Input directive parameters are provided before each run which aid in controlling the processing flow. These parameters determine which module is used to read the data and how much rain is accumulated for each tip. In addition the input directives file supplies a file listing identifying the file and its directory location .

While the data is being read from file a time of tip in seconds is attached to each record, thus the Julian day, hour, minute and second are converted to seconds to give the actual time (within a given year) in seconds. This time is stored in a 1-dimensional integer array, and later passed back to the main program after all of the data has been read from file. In the case where the data sampled is recorded as number of tips per minute, the tips recorded during that minute are spread out in even time intervals, so that each individual tip has a unique time stamp associated with it. As the data is being read from the file, consecutive records are compared by computing the time difference between them. If this difference is between 20 and 30 minutes, it is assumed that the current tip was accumulated gradually over that time period, and therefore should be spread more evenly over that period. In this special case, a time halfway between the computed time difference is added as an additional record and a half-tip is recorded at the current time and the time half way in between . For example, if the time difference between two consecutive records is 22 minutes, an additional record would be added at 11 minutes, and a half tip would be assigned to each record at 11 and 22 minutes. Thus no additional rainfall is added, rather the actual recorded rainfall is spread out over the longer time interval so that the interpolation derived from it is more representative of the actual rain event.

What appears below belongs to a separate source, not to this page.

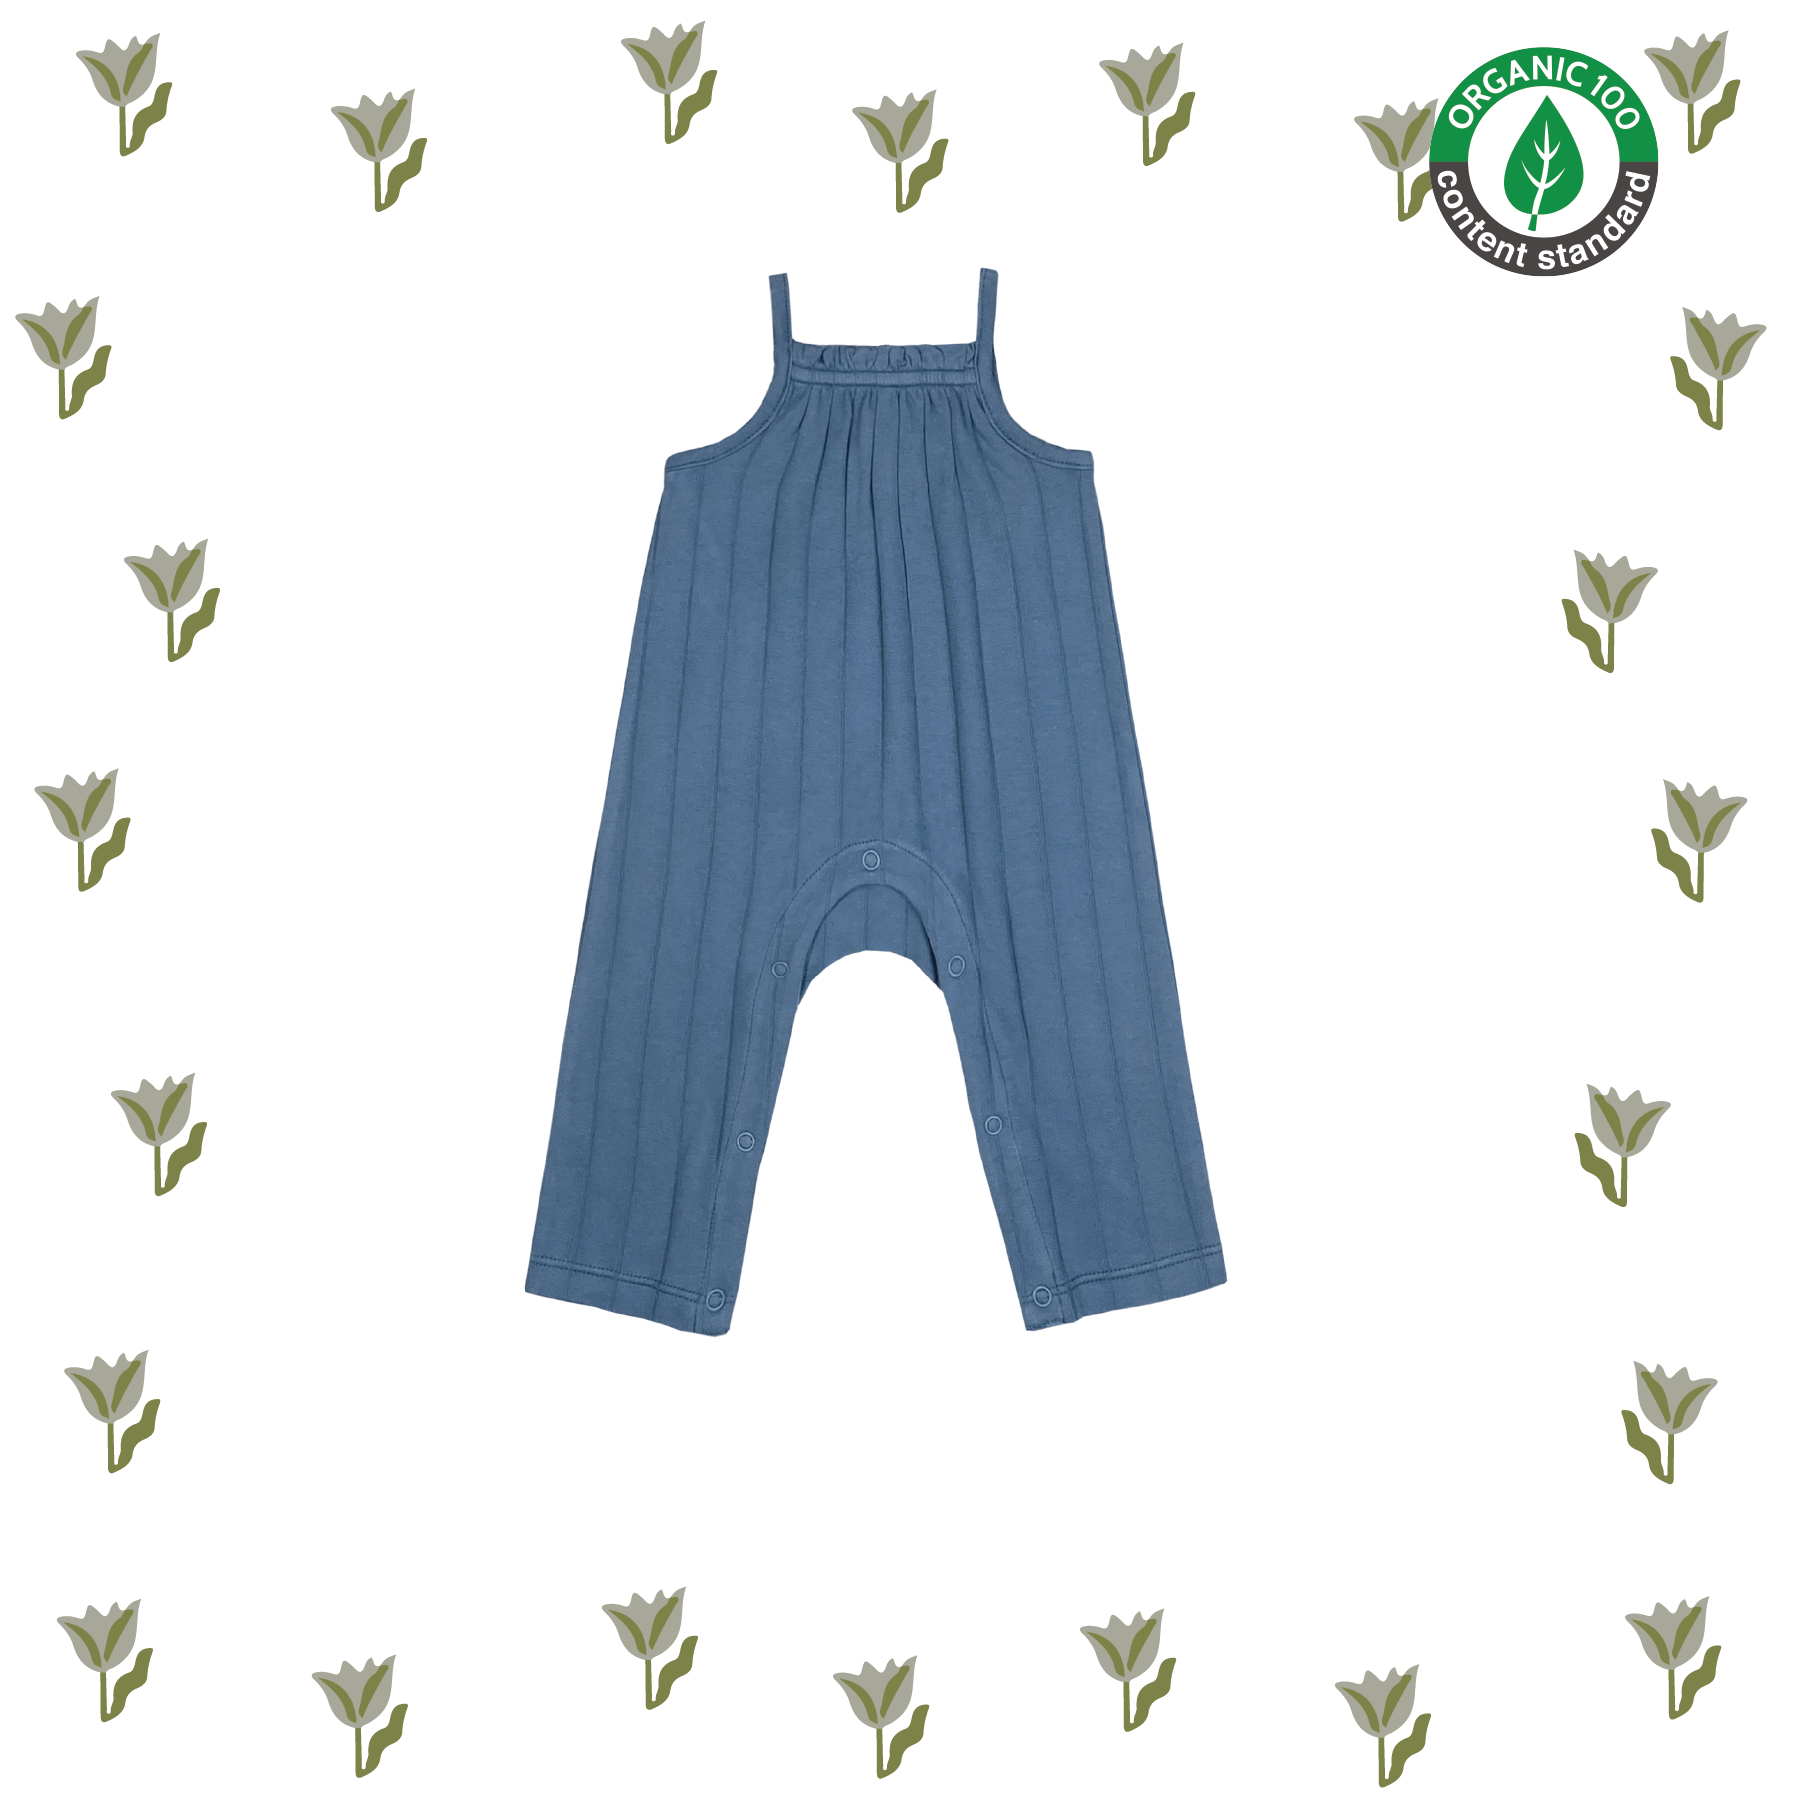 Blue Velvet Cheesecake Romper from Little BB Love - Stylish and Comfortably Soft Baby Clothing Store

The time difference between consecutive tips is also used to discriminate between independent rain events. In this case a rain event is defined as being a series of tips which are contiguous in time, and which have a distinct beginning and end (this definition should be distinguished from that which defines an event as a single tip). The beginning and end of a particular rain event is determined based on a threshold parameter. If the time difference between tips exceeds the value established by this parameter, the event is determined by the algorithm to have ended with the previous tip. In this case, the array index corresponding to the current time record is stored in an array. This array of indexes represents a listing of pointers or position markers which allow for a simple recall of the beginning and ending times corresponding to independent rain events. The recorded index actually represents the beginning of the next event, thus the index that precedes it represents the index of the event just completed. The threshold parameter therefore sets an upper limit which explicitly defines how much time can elapse between tips before the event is declared to be over. More importantly, from this determination beginning and ending boundaries can be computed which allow for a separate processing of each rain event independent of the others.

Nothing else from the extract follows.